Tuesday, January 25, 2022

The Gilded Age on HBO - scrapes off the gild to reveal plywood

Madison Square Park, photo by Sarah Sarai
I am most unhappy with the first episode of "The Gilded Age," a Julian Fellowes-written jam which is very silly and very white. My HBO subscription ends in a few hours, so this was my farewell and no problem there. 

This first-of-the-series episode is a fitting send off (to the demise of my subscription).  There were many complaints with HBO's The Wire - that it was a white writer's impression of a black city (Baltimore) and a black struggle (Baltimore). That is my perspective of "The Gilded Age" - that it is very very very white and remarkably uninventive in being so. Despite the one young black woman who is a struggling writer. Perhaps her struggle will be representative of the times but why bother representing those times? Why use the history of racism as an excuse to further racism? 

And why such a pallid portrayal of the nouveau riche? Hallelujah and thank you, lord, two great and interesting actresses brightened the screen. Christine Baranski as an old school white lady richie rich. And, briefly so far, Audra McDonald as the mother of Baranski's new secretary. (There is no situation or script on God's earth that could not be bettered by Baranski and/or McDonald.) 

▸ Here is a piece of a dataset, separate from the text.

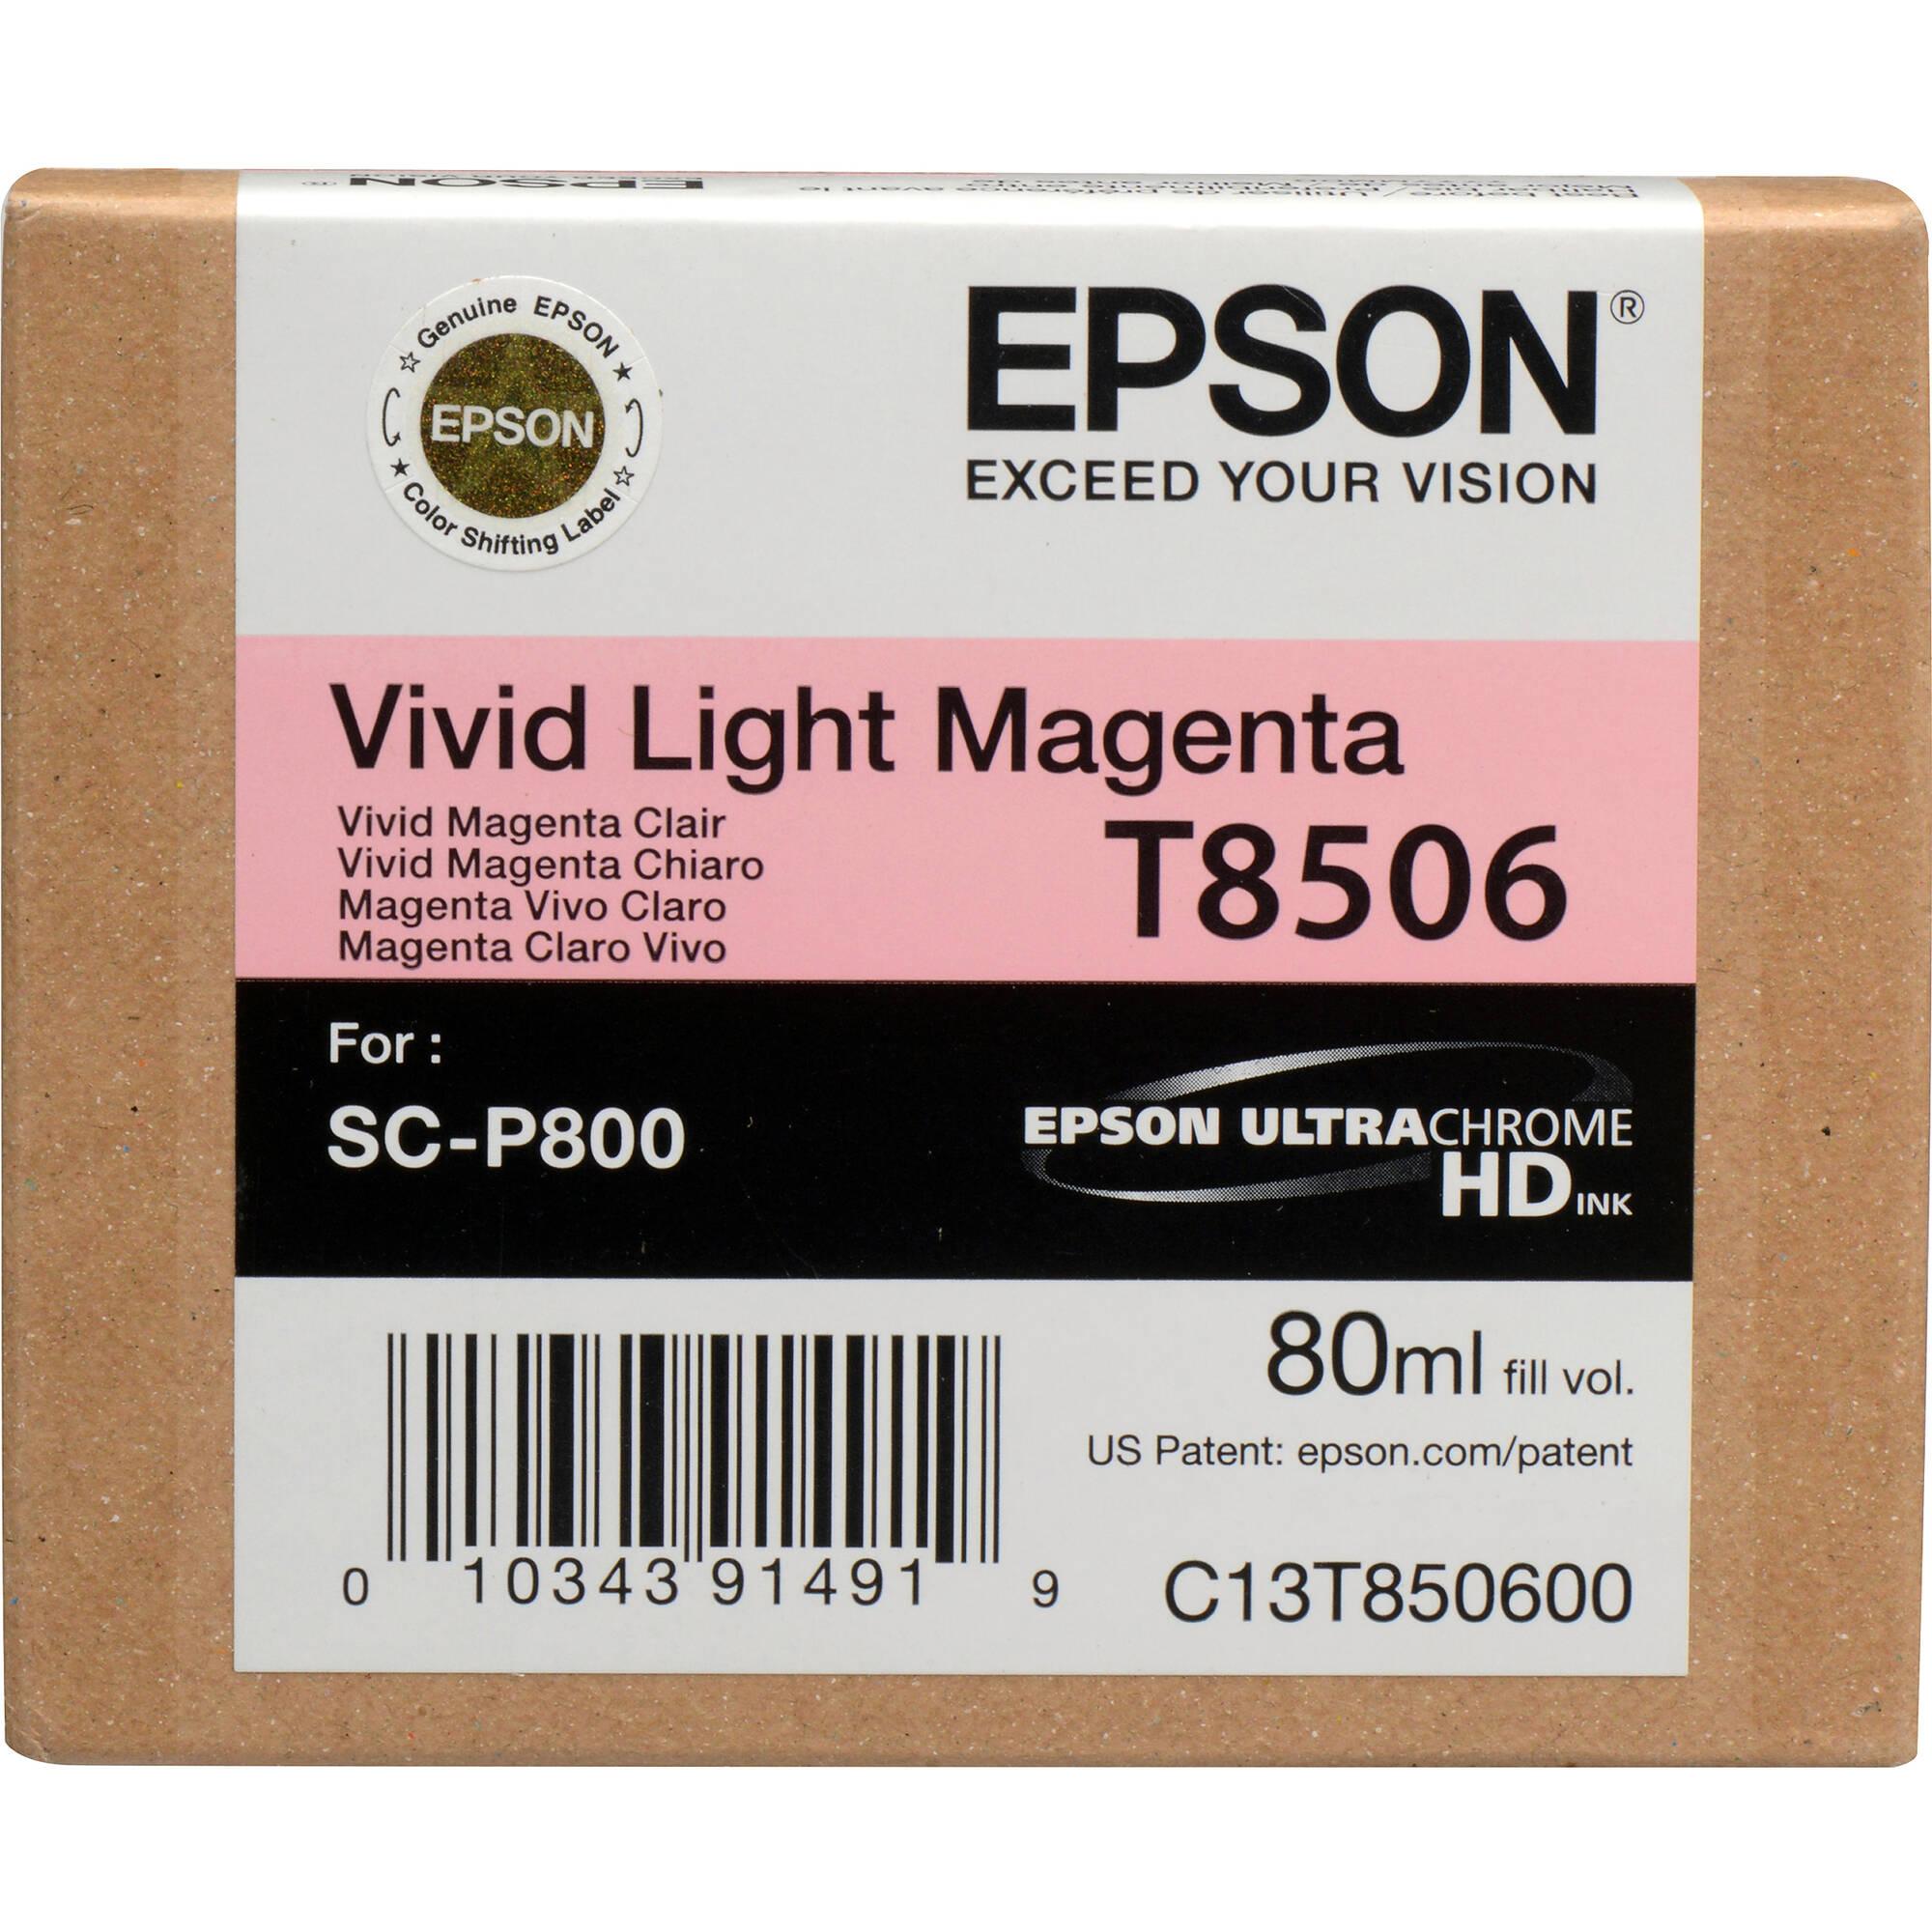 Light Magenta Epson T7606 Vivid Ink Cartridge
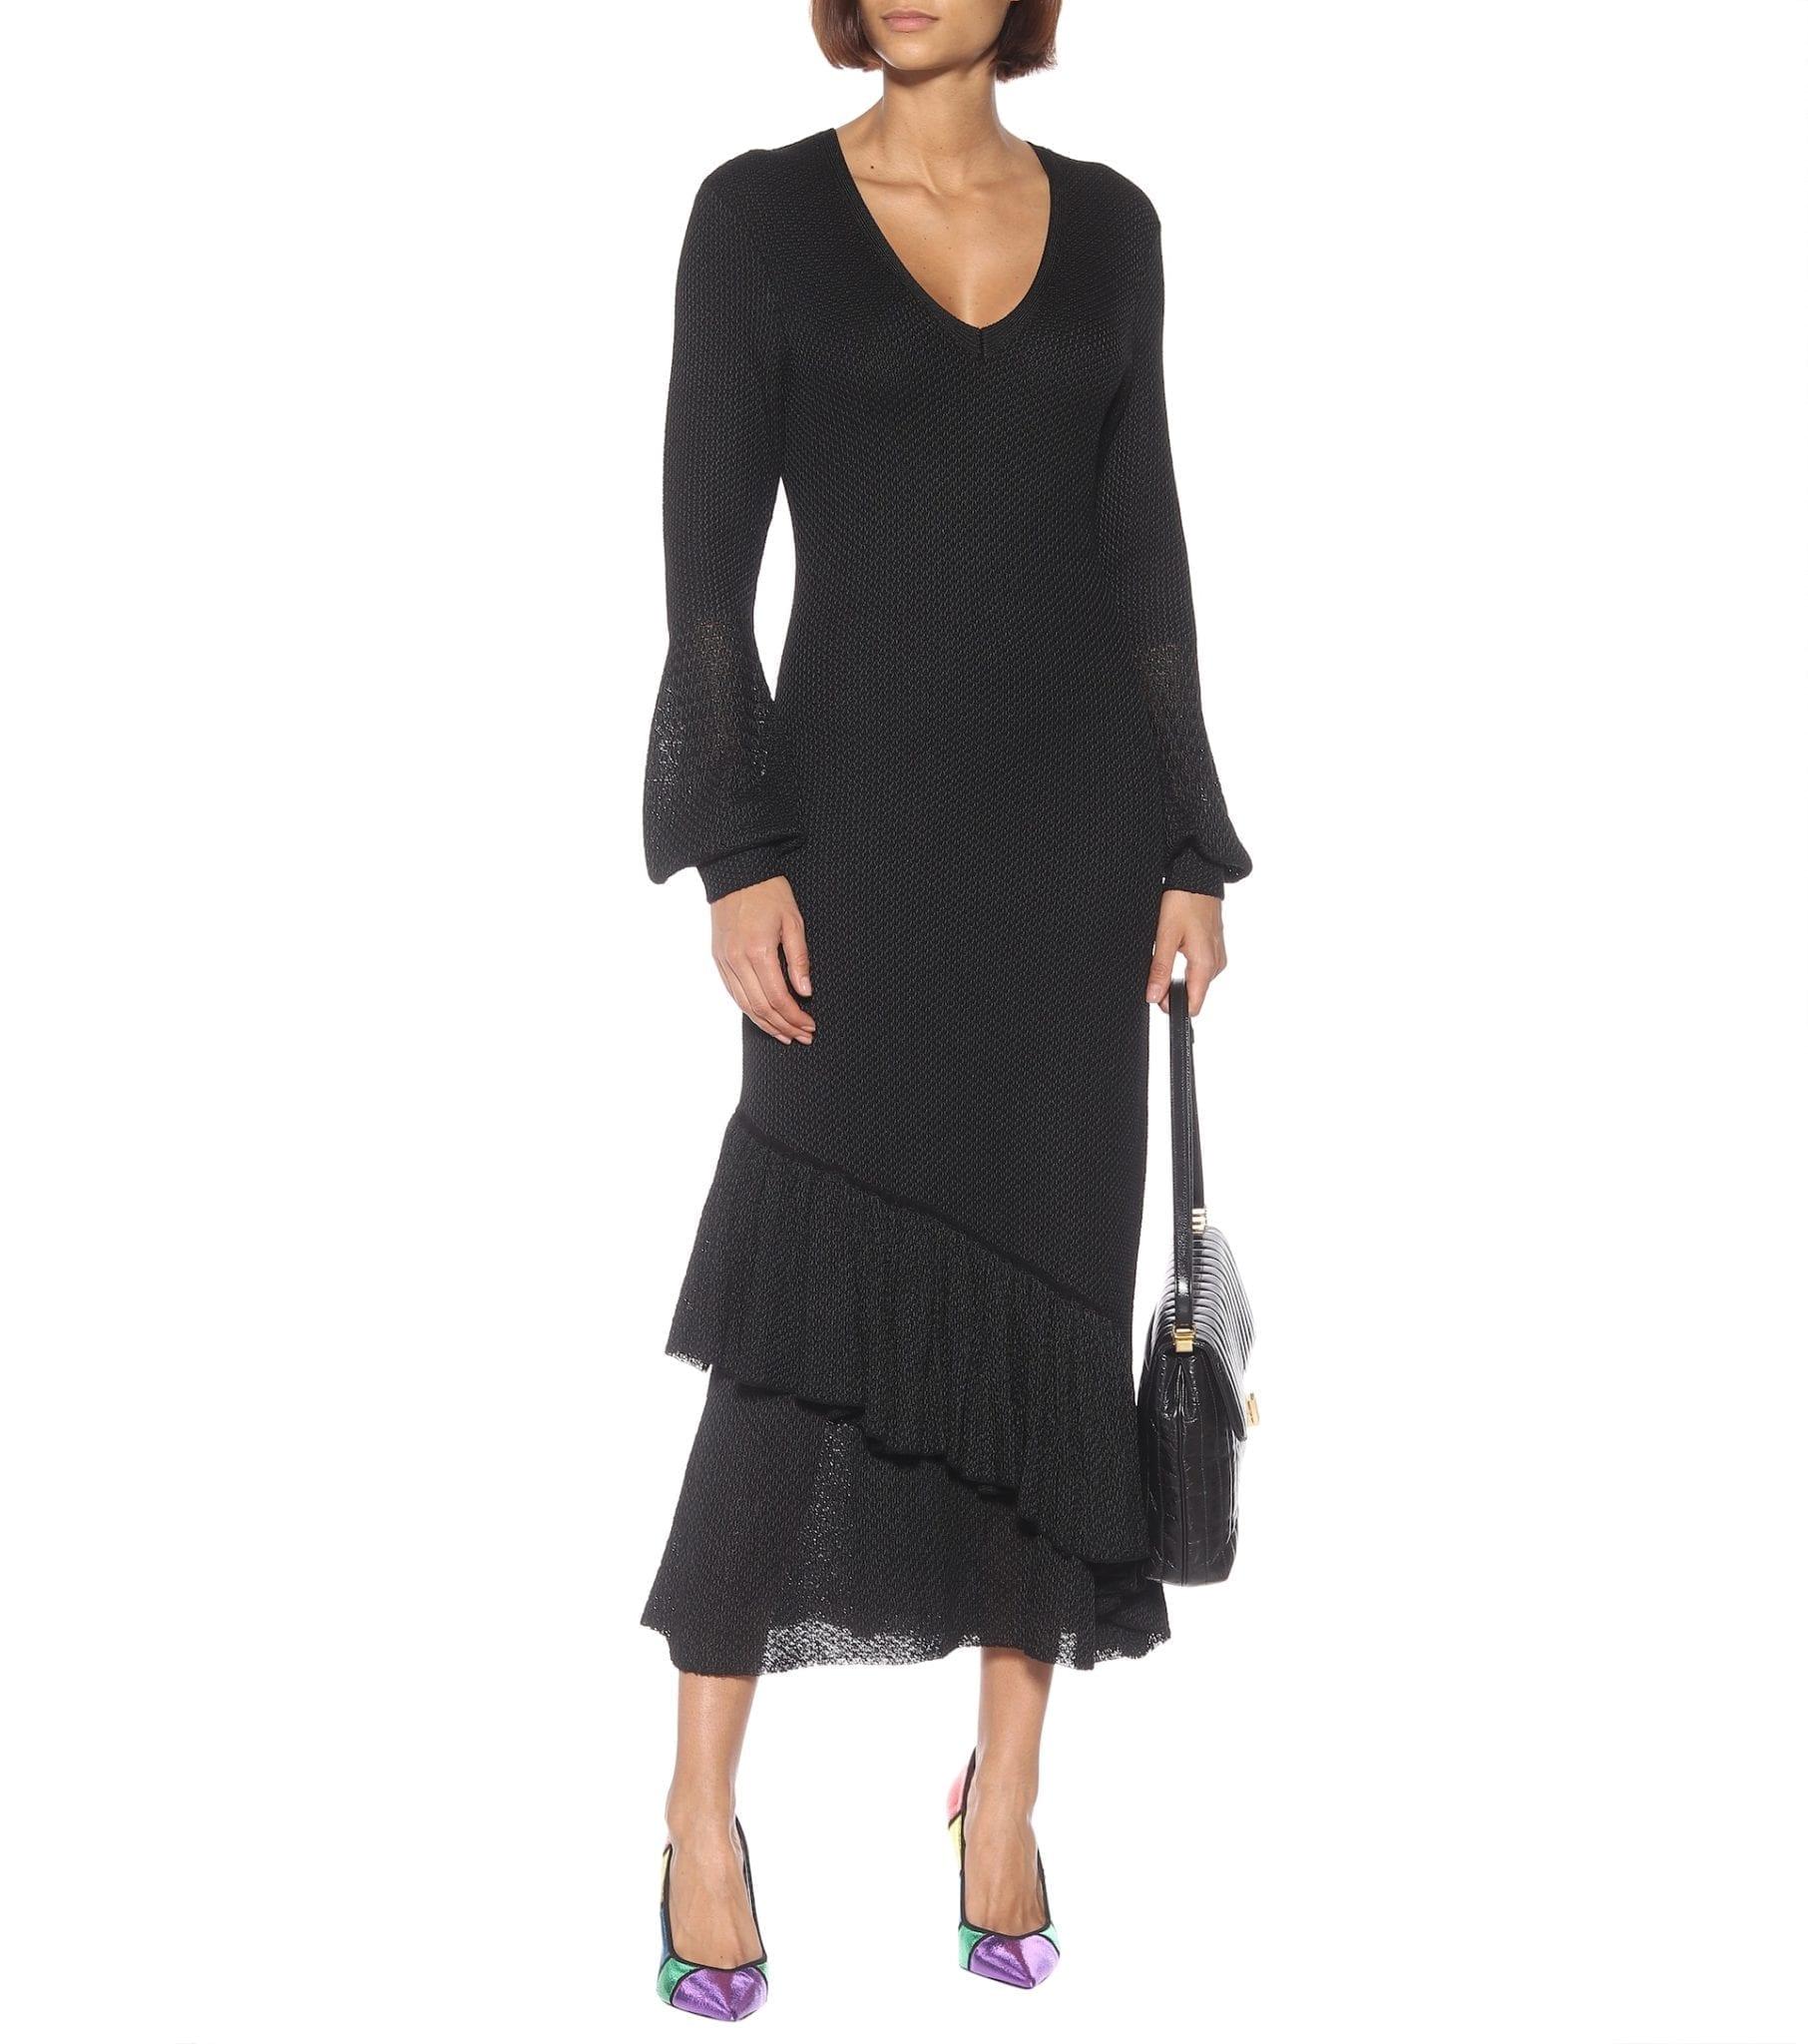 VICTORIA BECKHAM Knit Ruffled Midi Dress

The plot is pallid. Carrie Coon, an actress I dislike (her expressionless face creeps me out - has done so since Fargo [the t.v. show], is the striver in this series. A monied wife who has a house built on Fifth - across from Central Park - as her Cape Canaveral to launch herself into old New York society. Her architect is the great Stanford White but apparently his name means nothing to the first families of New York. New York has always had snobs spinning its social circles with a circus clown's panache. And, yes, snobs are delightful when they are Baranski aided by some of the mustachio twirling men in the series. 

In the final scene of Episode 1, the Carrie Coon character, an arriviste, insists she's going to make the snobs of New York admire her or come to her parties. THAT's the issue? Sounds like a Father Knows Best episode with Kitten scrunching her 10-year-old face to reveal gumption. It would work better if Reese Witherspoon were the pushy broad determined to get through Harvard Law. 

I live in NYC and it is mundo snob-o-licious. It is awful here, in fact, IF you harbor a desire to fit in. Which I stupidly did. Because there are no accommodations for weirdos like me (a simple country lass with no money and a quick tongue). I'll talk about that sometime when my thinking portions are up to par.